Data segment:

▬▬▬▬▬▬▬▬▬▬

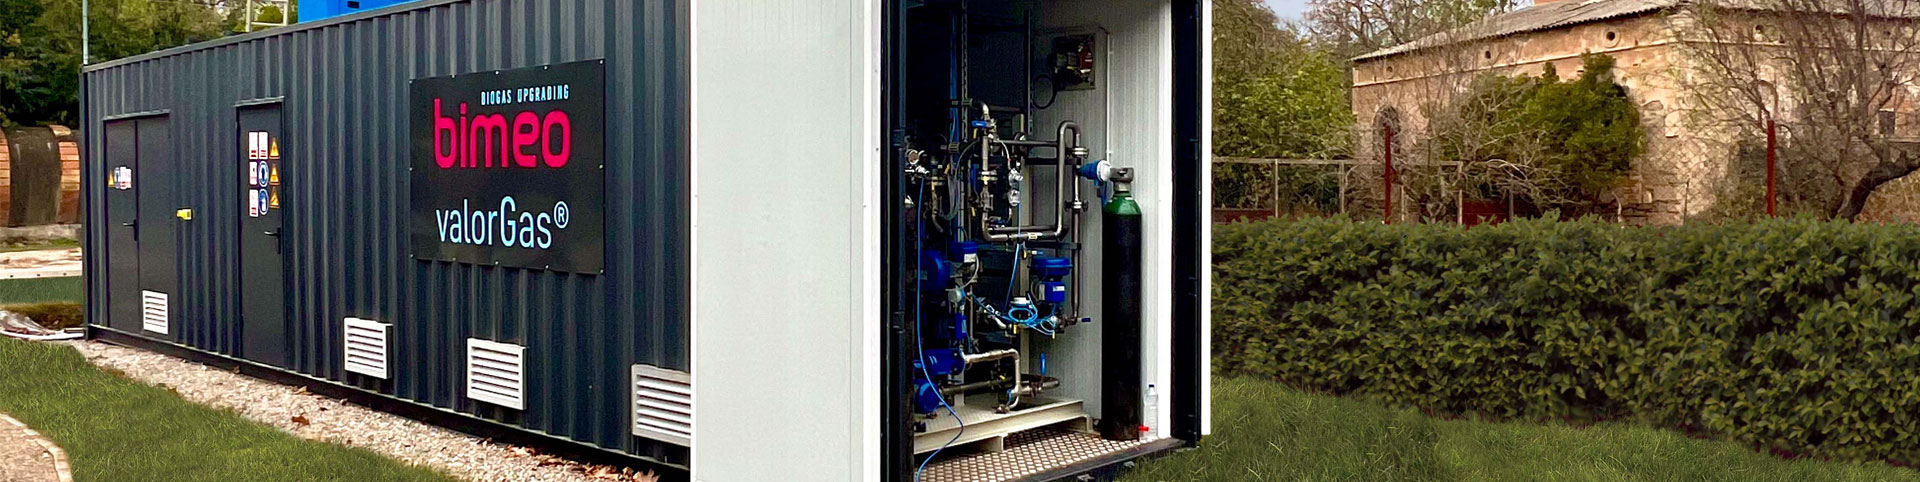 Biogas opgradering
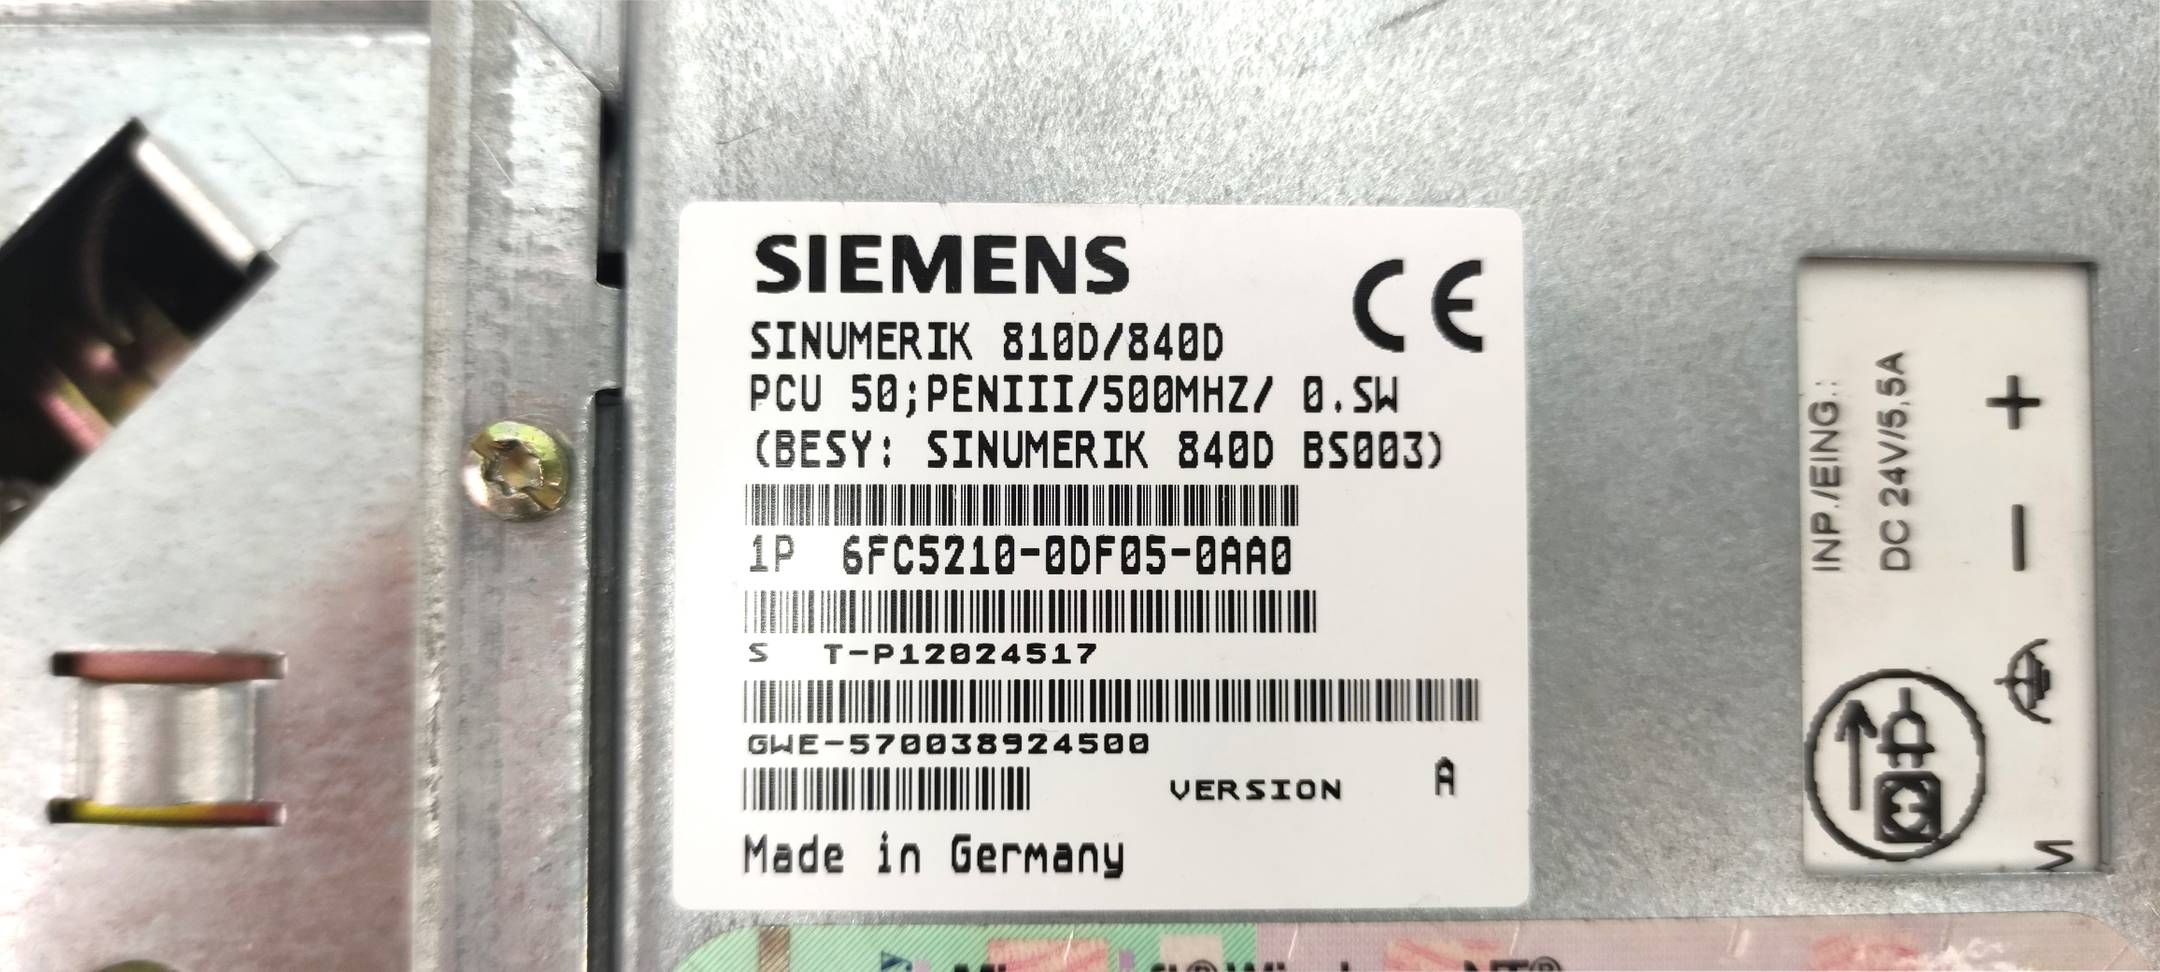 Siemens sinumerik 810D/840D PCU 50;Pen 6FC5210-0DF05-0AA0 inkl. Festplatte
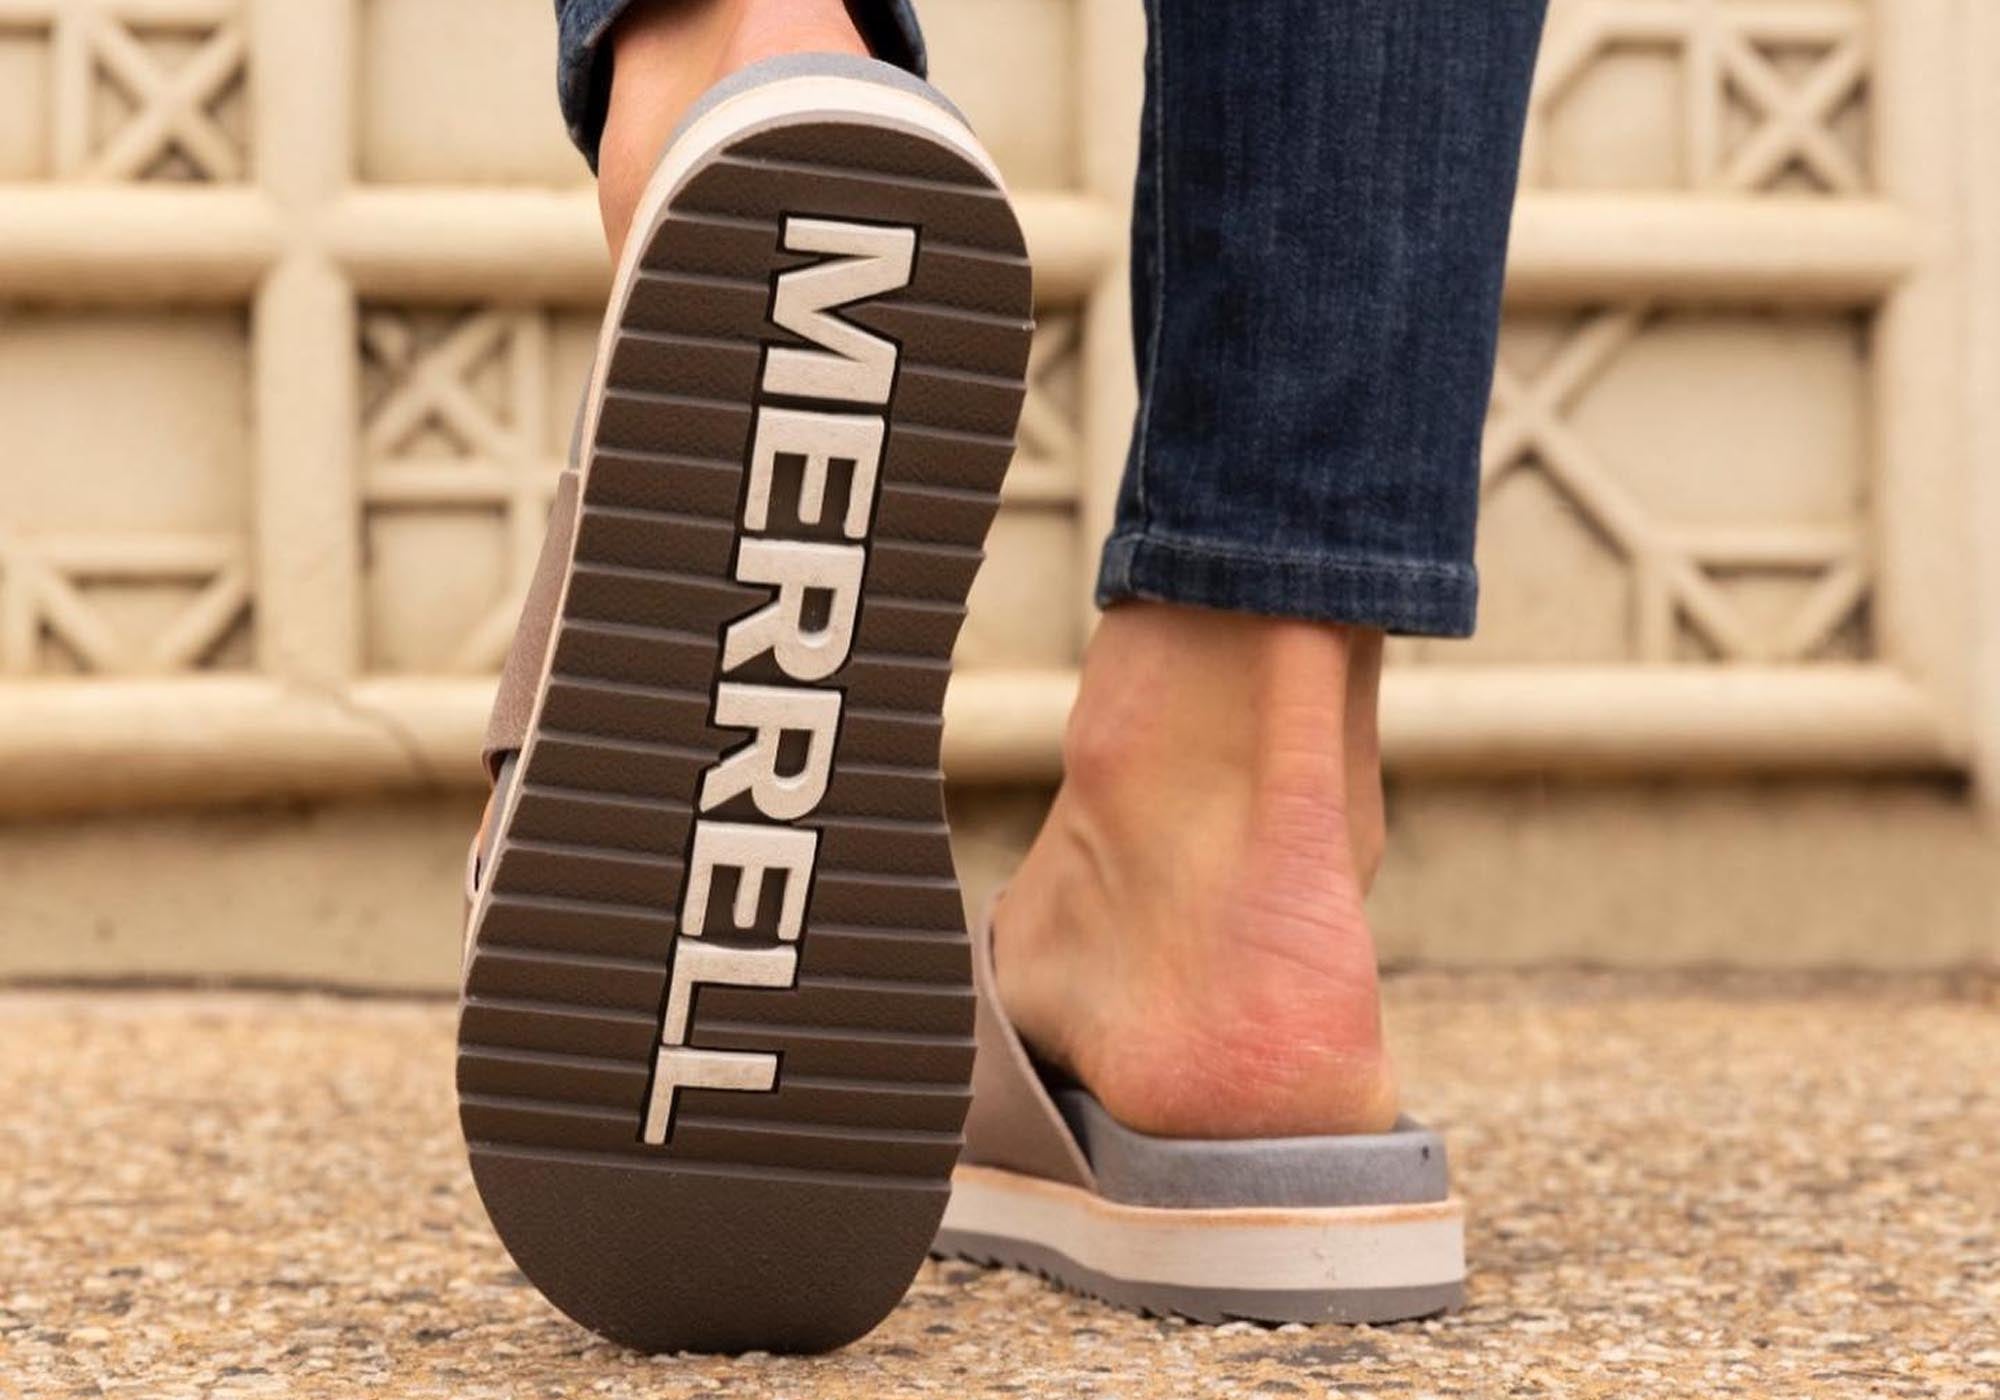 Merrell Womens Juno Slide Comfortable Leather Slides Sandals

▬▬▬▬▬▬▬▬▬▬

Description of the task: In your copy of the listing above, every line must match exactly and no picture may appear.

Result below:
 Biogas opgradering
 Siemens sinumerik 810D/840D PCU 50;Pen 6FC5210-0DF05-0AA0 inkl. Festplatte
 Merrell Womens Juno Slide Comfortable Leather Slides Sandals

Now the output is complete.